Но все это должно быть только учебой, одной только подготовкой к эпопее.
Что это за эпопея, я не знаю. Видимо, о нашем времени. Закатываю глаза, чтобы глянуть в подкорку. Как в Белой, ни дна, и хоть бы рыбешка сверкнула серебряным боком – ничего!
«Ничего! – говорю я себе. – Додумаем!»
И вижу осиновый листок. Ветер наморщил воду, и листок плывет на меня, течению наперекор.
«Листок, плывущий против течения… Что бы это значило?»
Меня от ноши пошатывает: забрал всю копну, чтобы не лезть сюда второй раз, а сам думаю об осиновом листике.
– Мать, а нам полагается! – говорит тете Симе Михаил Агафонович. – Такую машину привезли!
Ох как ёрзается, когда в тебе сидит мыслишка! Вкуса не чувствуешь, разговорам не радуешься, ждешь удобный момент, чтобы въехать в беседу со своим… А мыслишка жалкая.
Написал я письмо сокурснице. Она на Волге отдыхала, у родственников. Получил ответ и приглашение, а ехать-то не на что!
Михаил Агафонович и тетя Сима вспоминают отца, молодость, а я про свое думаю, храбрости набираюсь.
– А сколько отсюда до Хвалынска езды? – Голос у меня позванивает.
– Хвалынск? Это на Волге, у Саратова, что ли? – спрашивает Михаил Агафонович. – Так это будет порядочно. На пароходе дня три-четыре… А чего тебе?
– Съездить бы! Там художник один великий родился.
– Репин?
– Петров-Водкин.
– Скажи ты, какая фамилия! Не слыхал.
Разговор опять перекидывается на прежние времена, и я сижу как в воду опущенный. Ну как опять заговоришь о Хвалынске? Да и чего бы про него говорить, если бы в моих карманах на билет наскрести можно было.
– Дядя Миша, расскажите о войне, – прошу я.
– А что про нее рассказывать? Скверная штука… Взрослым человеком попал я на фронт. Вот в чем дело. Будапешт брали, помню. Пришло к нам пополнение. Ребята молодые, ладные. Так что бы ты думал? В первом же бою половину выкосило, а старички все целы… И всегда так. Кто уцелел после первых заварух, тот долго живет… Упаси господи вас! А в мире, я гляжу, неспокойно, то в одном месте стреляют, то в другом.

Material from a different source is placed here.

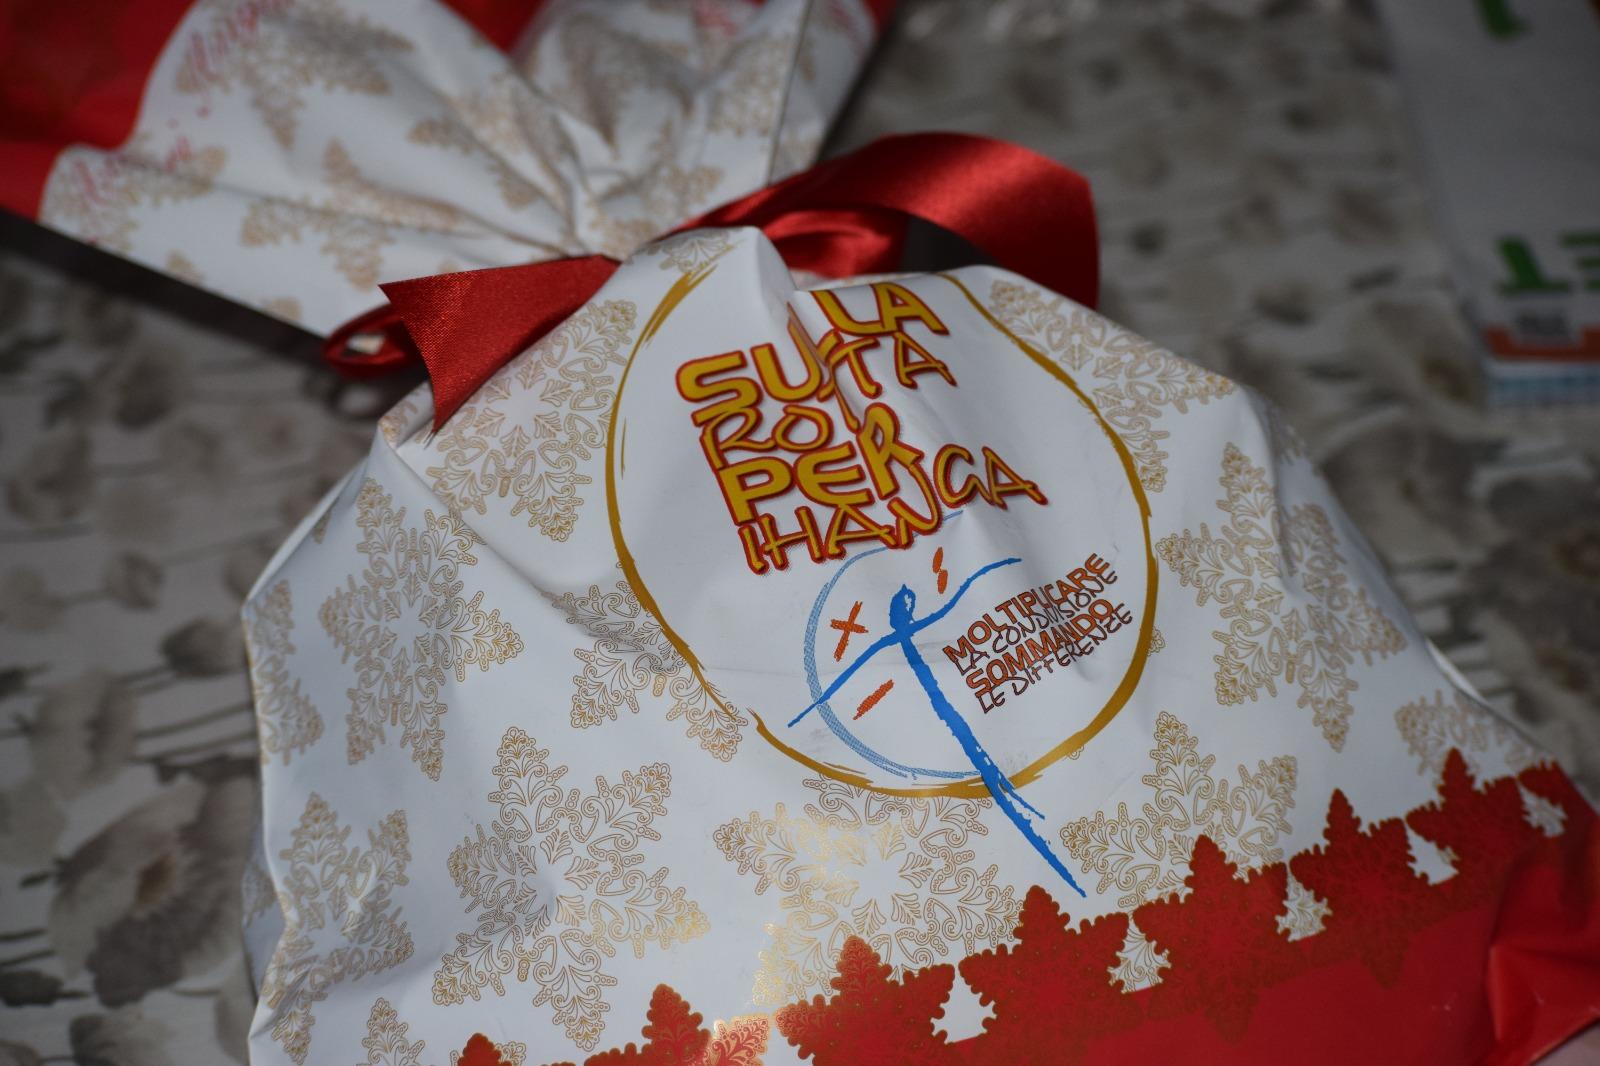 Questo Natale unisci la bellezza della solidarietà e la bontà di Bonifanti!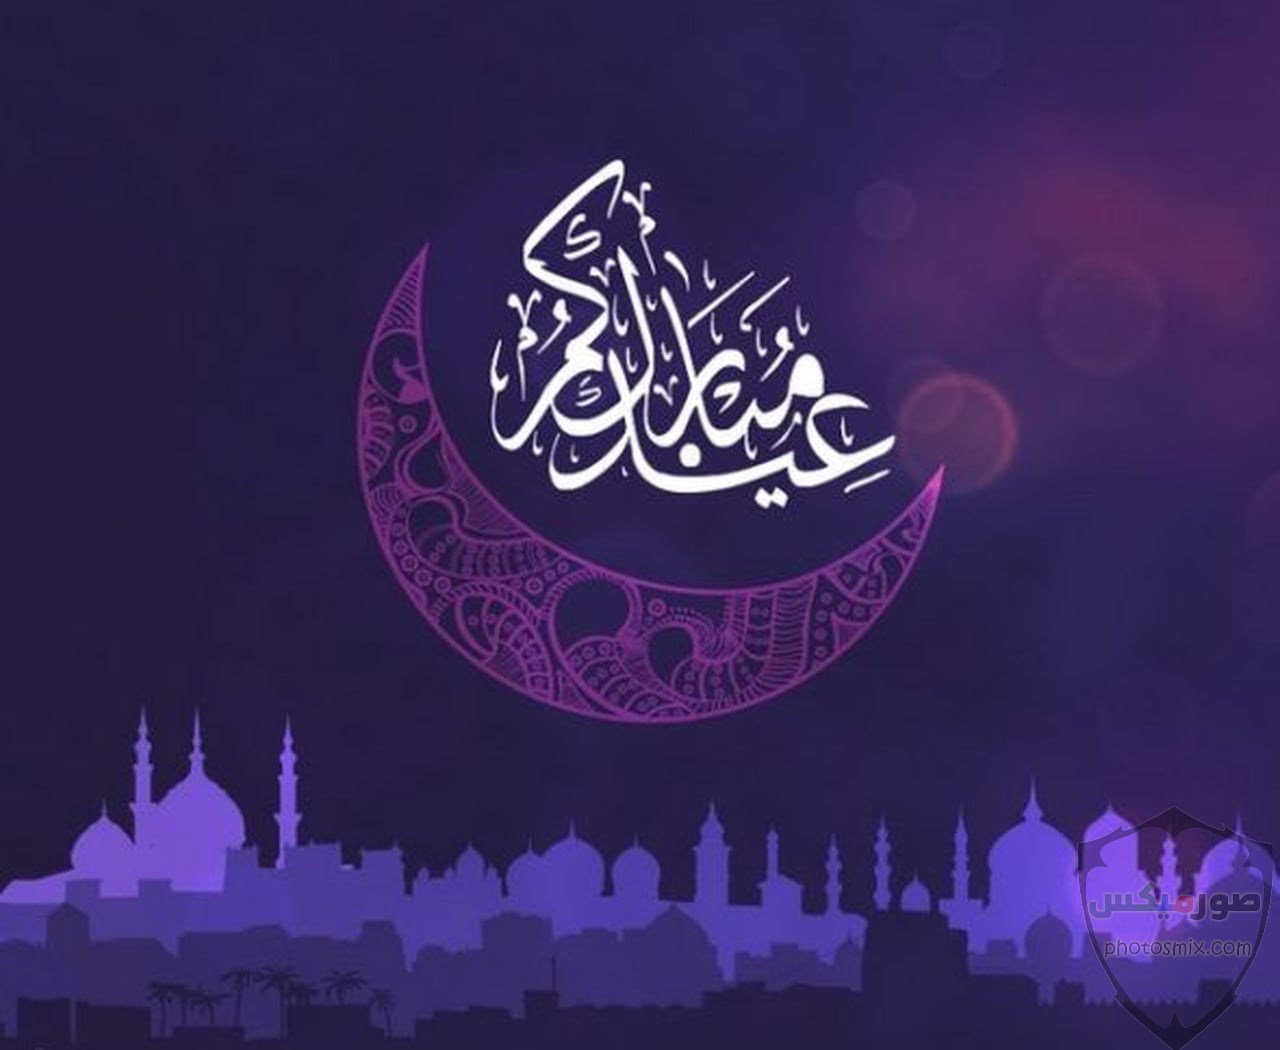 صور عيد الفطر صور برقيات وتهنئة بالعيد الصغير خلفيات فيس بوك وواتس اب بعيد الفطر 35

Я тоже читаю газеты. Сколько раз уже меня охватывала тоска. На эпопею годы нужны. Годы и годы. Писать ведь надо научиться, вырасти, а мир все время на волоске.
– Ну чего притих? – спрашивает Михаил Агафонович. – Деньжонками мы тебе поможем, и до Хвалынска хватит, и до дома.
– Спасибо, – говорю я.
На улице розовый вечер. Беру корзинку, иду в подлесок. Подберезовики здесь не берут, потому что за грибы не считают. Признают один сорт – белоголовые, не белые, а белоголовые: подгруздки и грузди.
Возле бревен стоит теребит платочек Люба. Одна. Я поднимаю руку в приветствии. Она расцветает и тотчас хмурит брови. Нет, я один пойду по грибы. Мне нужно подумать. Мне еще много нужно думать. И если мир сорвется под откос, что ж, потеряет мир, он уже много потерял. Он столько уже потерял!
Какую же силу нужно иметь нам, начинающим, чтобы все-таки начать. Какие нервы!
И я чуть не вскрикиваю от радости: вот он к чему явился мне, этот осиновый листок, в черной воде Белой реки!
«Умейте плавать против течения!»
Я заканчивал-таки «Шахерезаду». Это, конечно, не то, что задумано, но я должен довести повесть до конца. А потом положить в сундук, на самое дно. Для того только и довести до конца, чтобы в сундук положить. Что-то все-таки во мне прибавится. А главное, я буду свободен для другой задумки, которую тоже ожидает донышко!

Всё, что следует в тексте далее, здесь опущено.